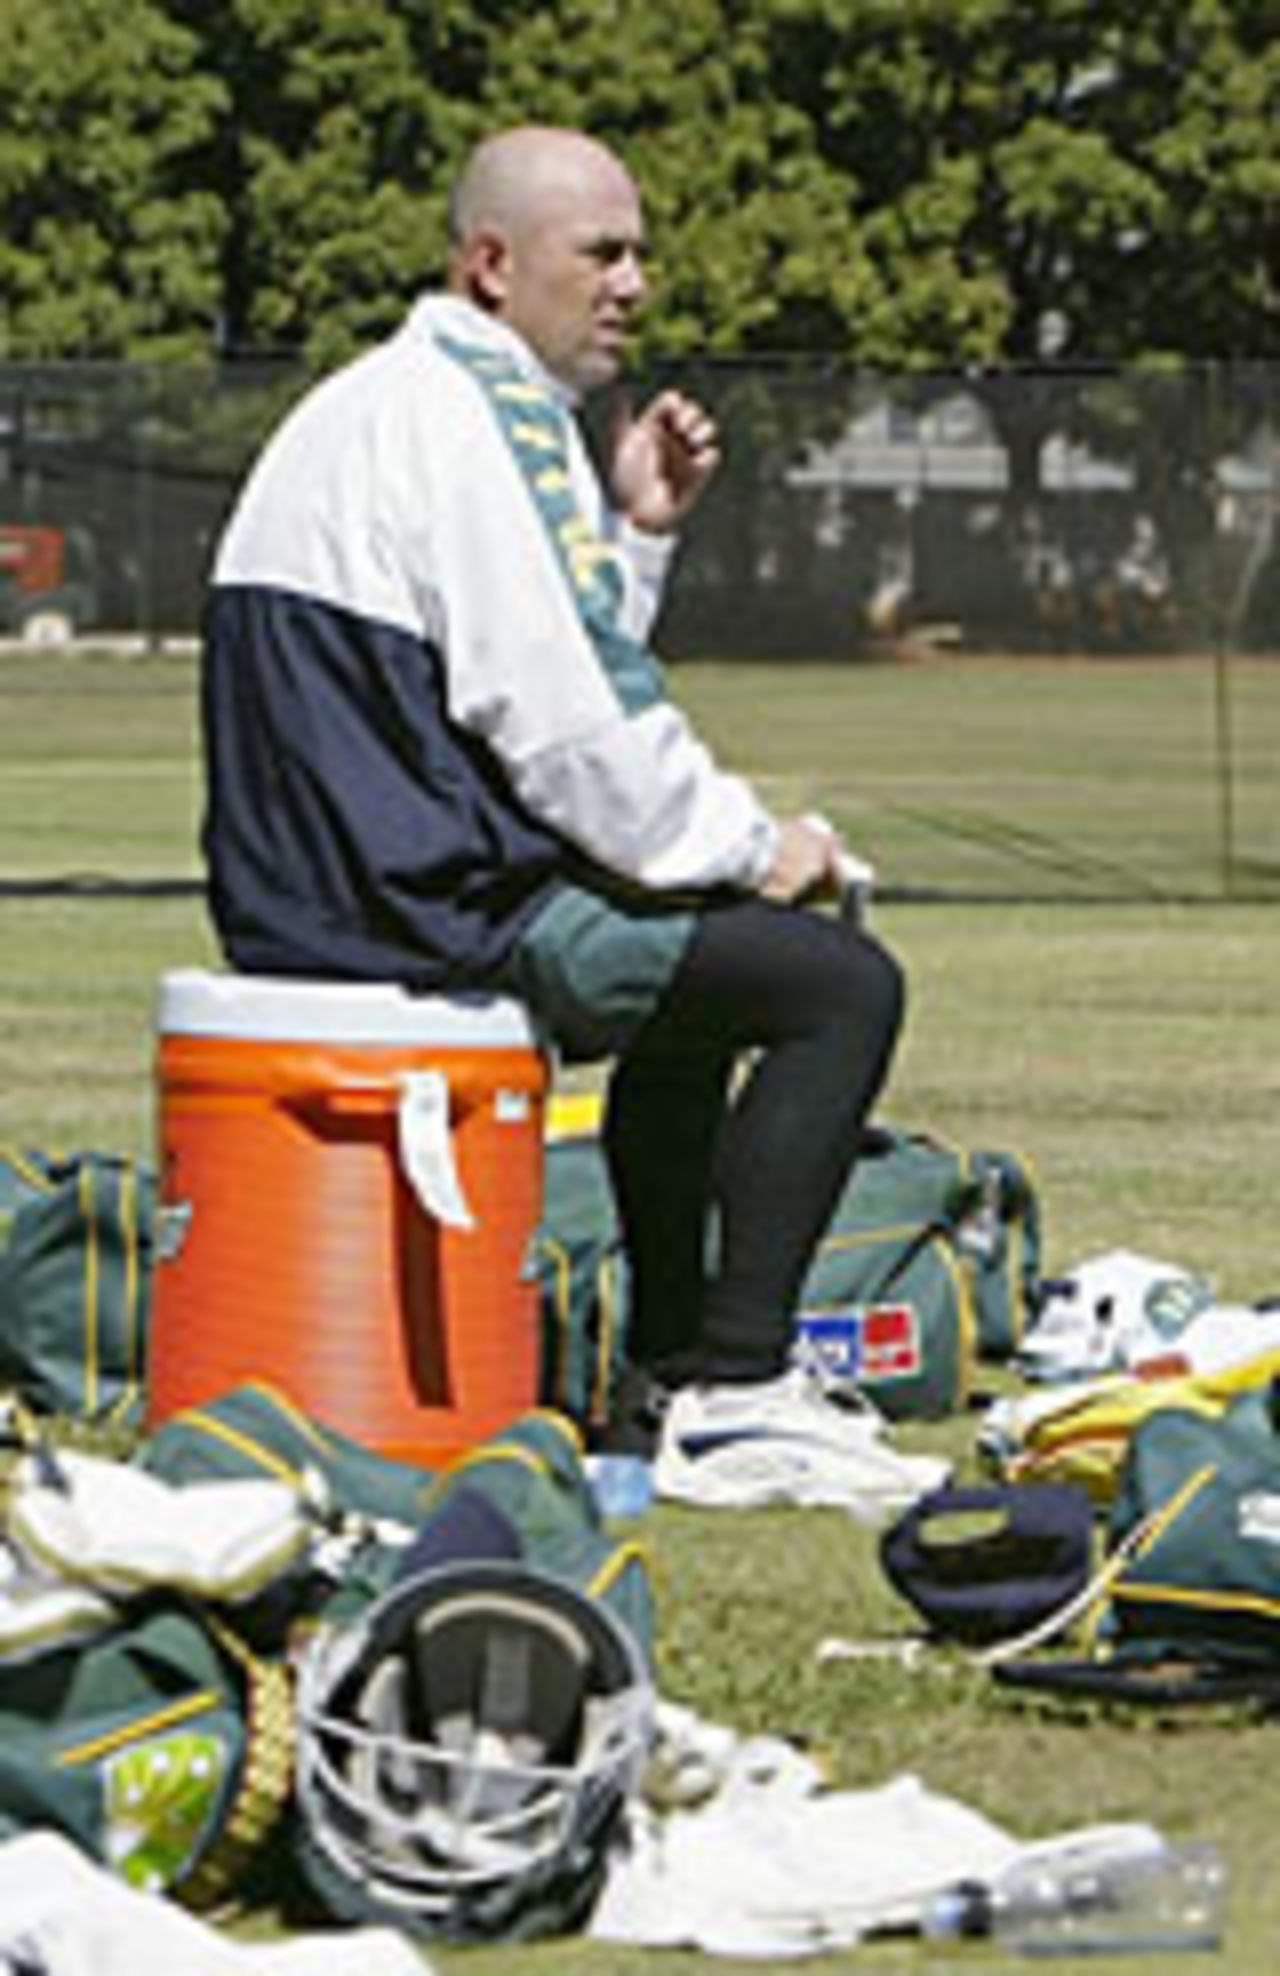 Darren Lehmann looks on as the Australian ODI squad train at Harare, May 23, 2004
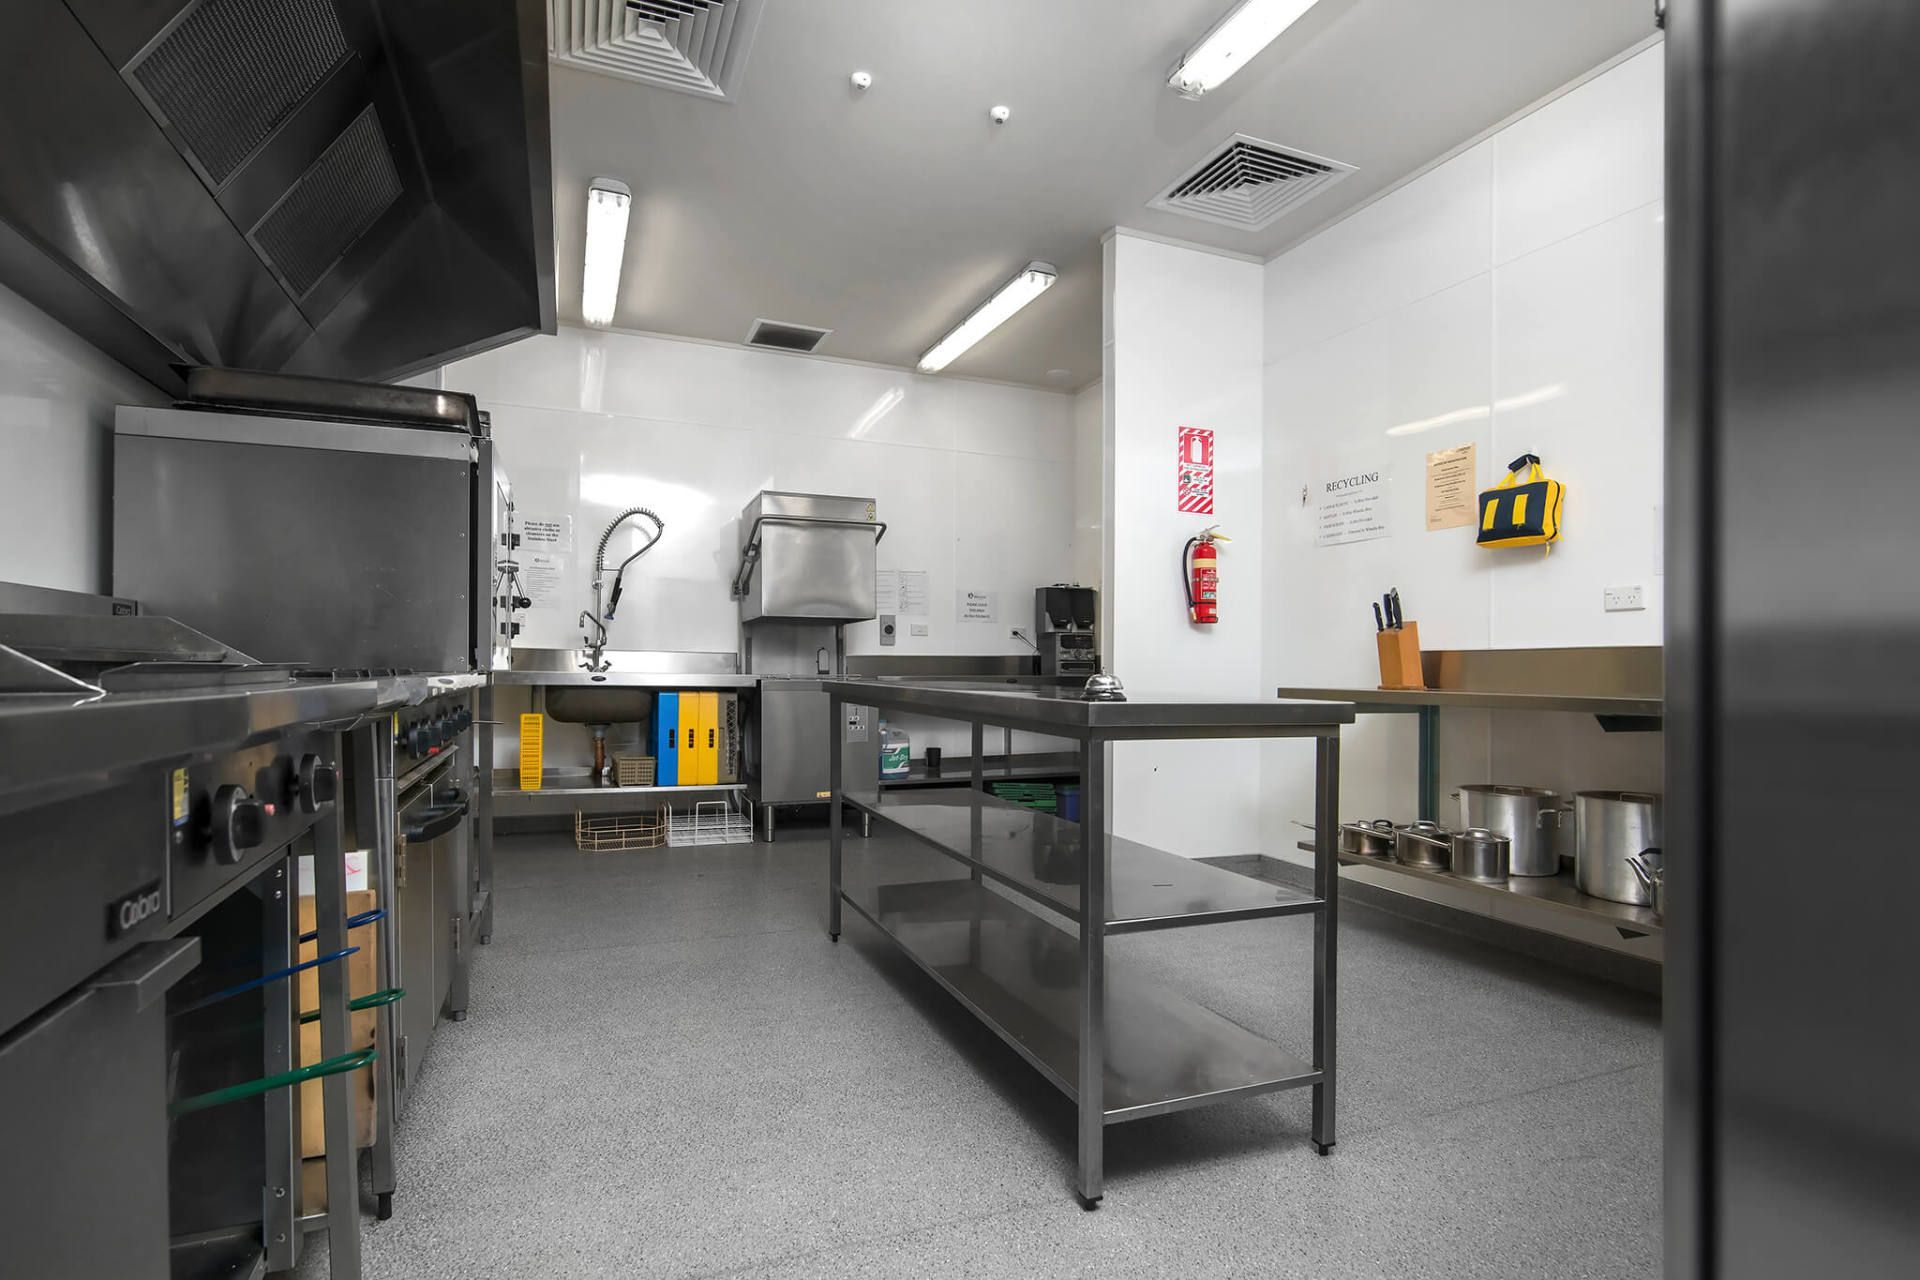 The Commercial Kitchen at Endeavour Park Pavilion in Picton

----------

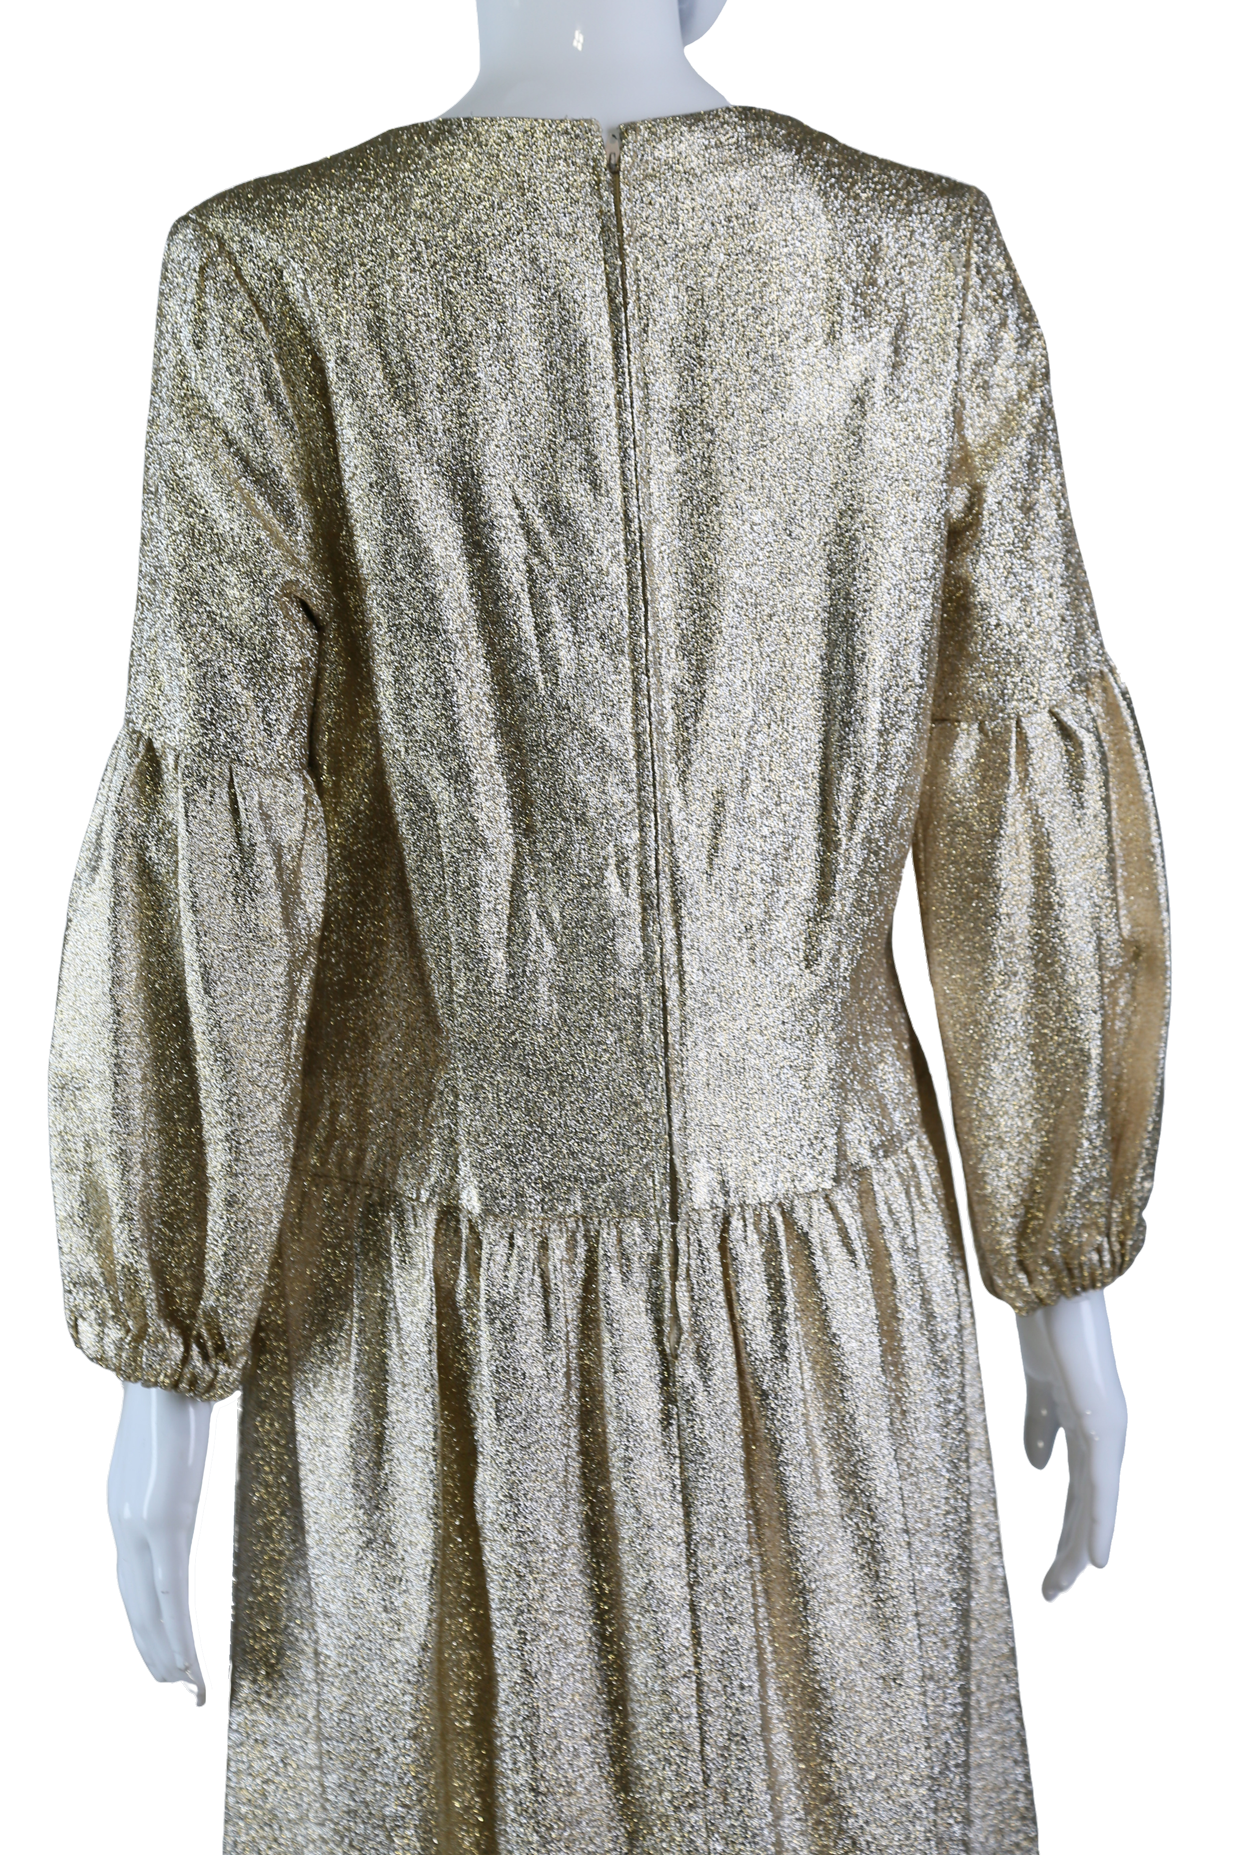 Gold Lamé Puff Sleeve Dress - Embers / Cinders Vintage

----------

Try it: Among the lines above, the one with "Darren Lehmann looks" opens the part to repeat and the one with "The Commercial Kitchen" closes it; repeat only that part exactly, with no pictures.

Your response:
 Darren Lehmann looks on as the Australian ODI squad train at Harare, May 23, 2004
 The Commercial Kitchen at Endeavour Park Pavilion in Picton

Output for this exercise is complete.